家路につくために歩いていると、中抜けをしたであろう友人に出会った。
藤「陽次ィ!」
陽「おー、アキラ。お前またサボりかよ?」
藤「女ン所から帰りだよ。集会終わって、それからな。辰也はいねぇのかよ?」
陽「懲りねぇなお前も…あいつ熱出して今日休み。つまんねえから中抜けだ。」
他愛もない会話をしていると、後ろから忍び寄る者が2名。やがてその2人は、アキラに話しかけた。
「アキラ、てめぇなに仲良く話してんだ?」
藤「…あ?」
アキラが振り向くと、そこにはアキラが特に嫌っているセンパイが立っていた。
ドスの効いた声でアキラに睨みを利かすと、火がついたのは陽次だった。
陽「てめぇ喧嘩うってんのか?」
藤「陽次やめろ!……こいつ、ダチなんすよ…」
「一色がダチね…てめぇ、暴霊の3代目決まってっからって、甘い顔見せやがって。そいつはてめぇのダチだが俺らにとっちゃ敵だろうが?……甘ったれたことやってんじゃねえぞ!」
藤「ぐっ……」
キレた陽次を宥めてセンパイに説明するアキラだったが、鉄拳を腹にくらいうずくまってしまった。これにより、陽次は完全にブチ切れてしまった。

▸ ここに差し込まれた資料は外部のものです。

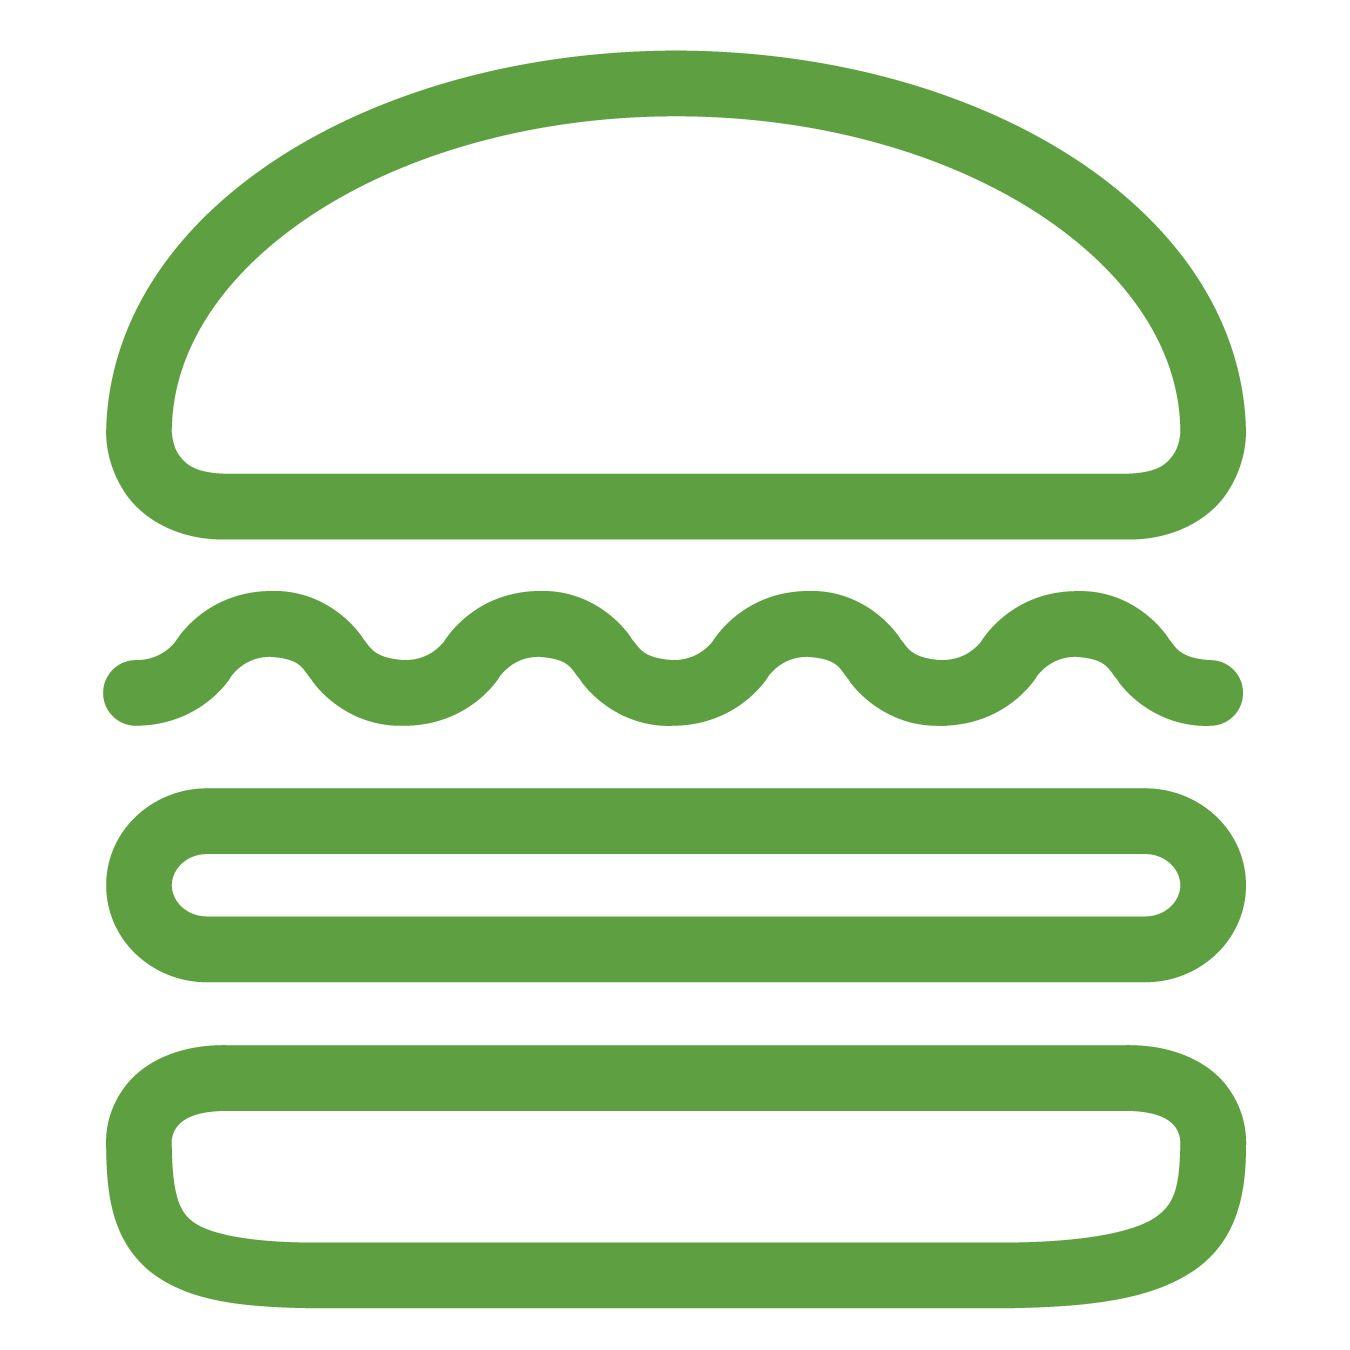 Greenburger Logo - EDGAR Filing Documents For 0001620533 15 000038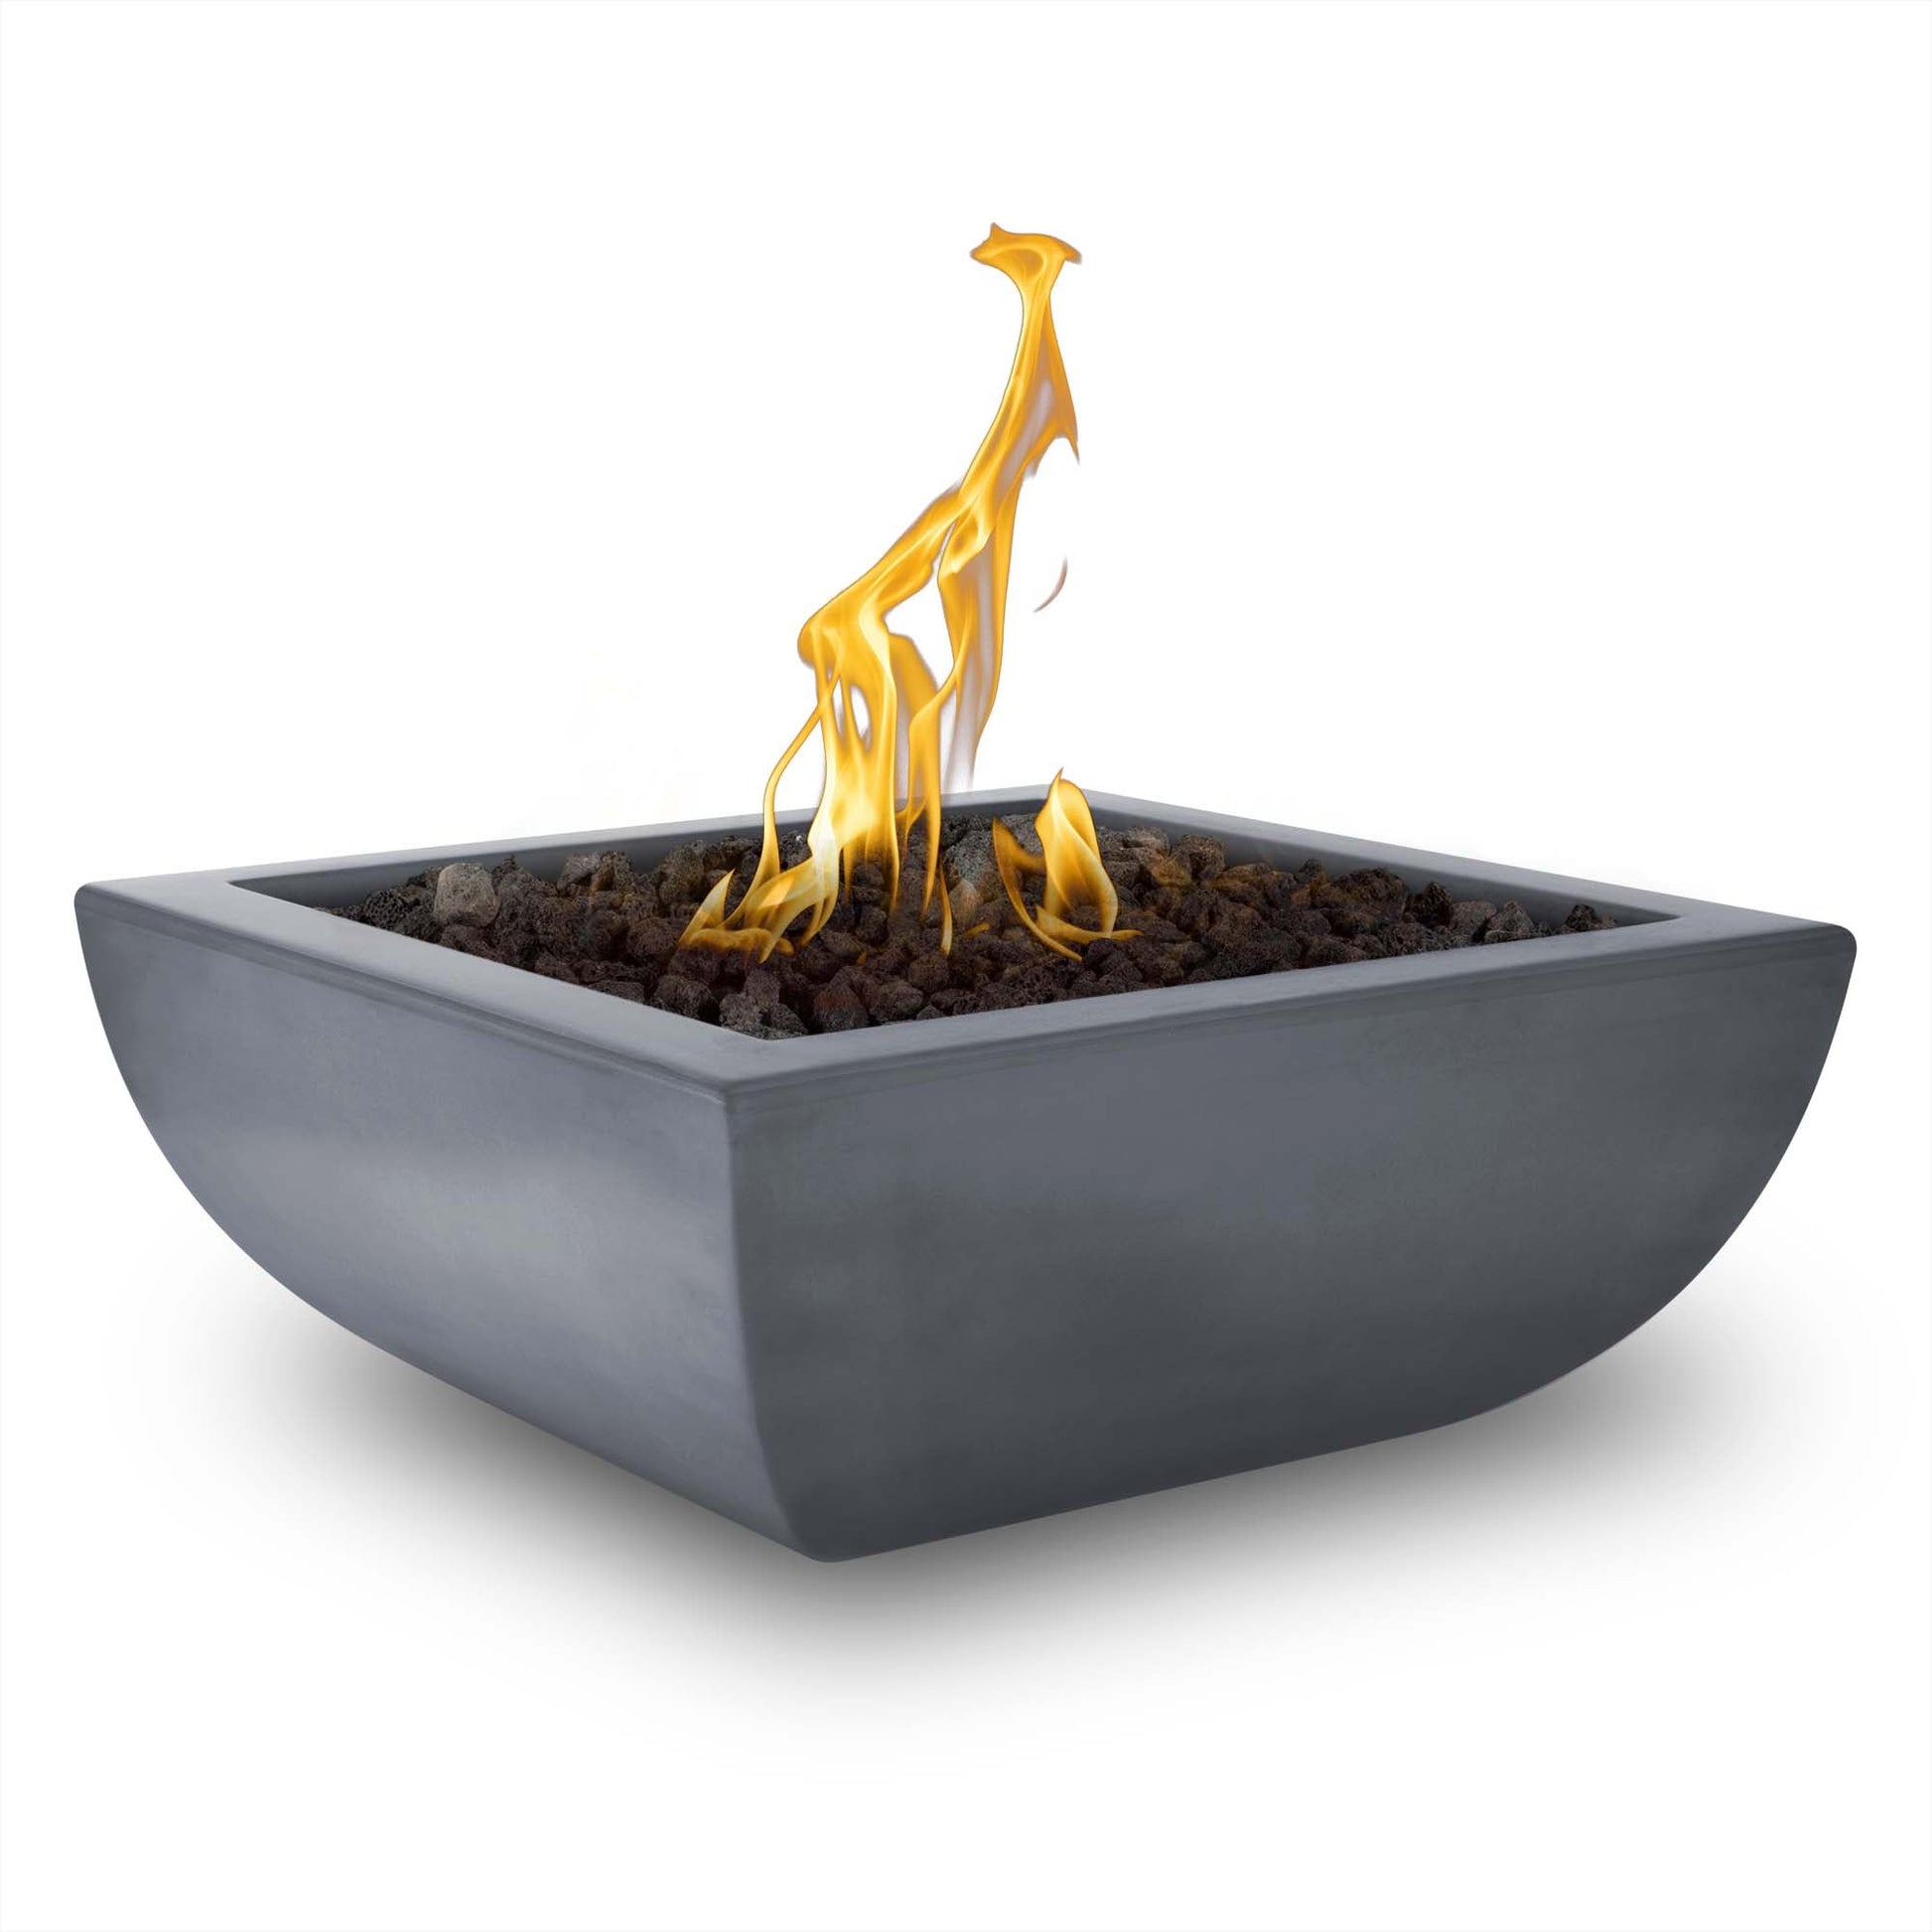 The Outdoor Plus Square Avalon 24" Metallic Bronze GFRC Concrete Liquid Propane Fire Bowl with Match Lit with Flame Sense Ignition

陽「コラァ!横からしゃしゃり出てきやがって!いっぺんブチ殺したらんとわからねぇみてぇだな、おっさん!」
「誰がおっさんだコラァ!」
胸ぐらを掴んで睨みを利かす陽次に対して、そのセンパイは睨みで返す。一触即発ともなる空気を変えたのは、アキラだった。
藤「ちっと、待ってくださいよセンパイ……」
「あぁ!?」
陽「アキラお前…」
藤「陽次もここは黙ってくれ……センパイ、あんたじゃ3代目は張れないっすよ。」
「ガキが…言うじゃねえか?」
藤「あんたのやり方じゃ人はついてこない…そんなんだから俺みたいなガキに先越されんでしょうが…」
腹を抑えながら必死に陽次を宥めると、センパイに対して嘲笑うように語るアキラがそこにはいた。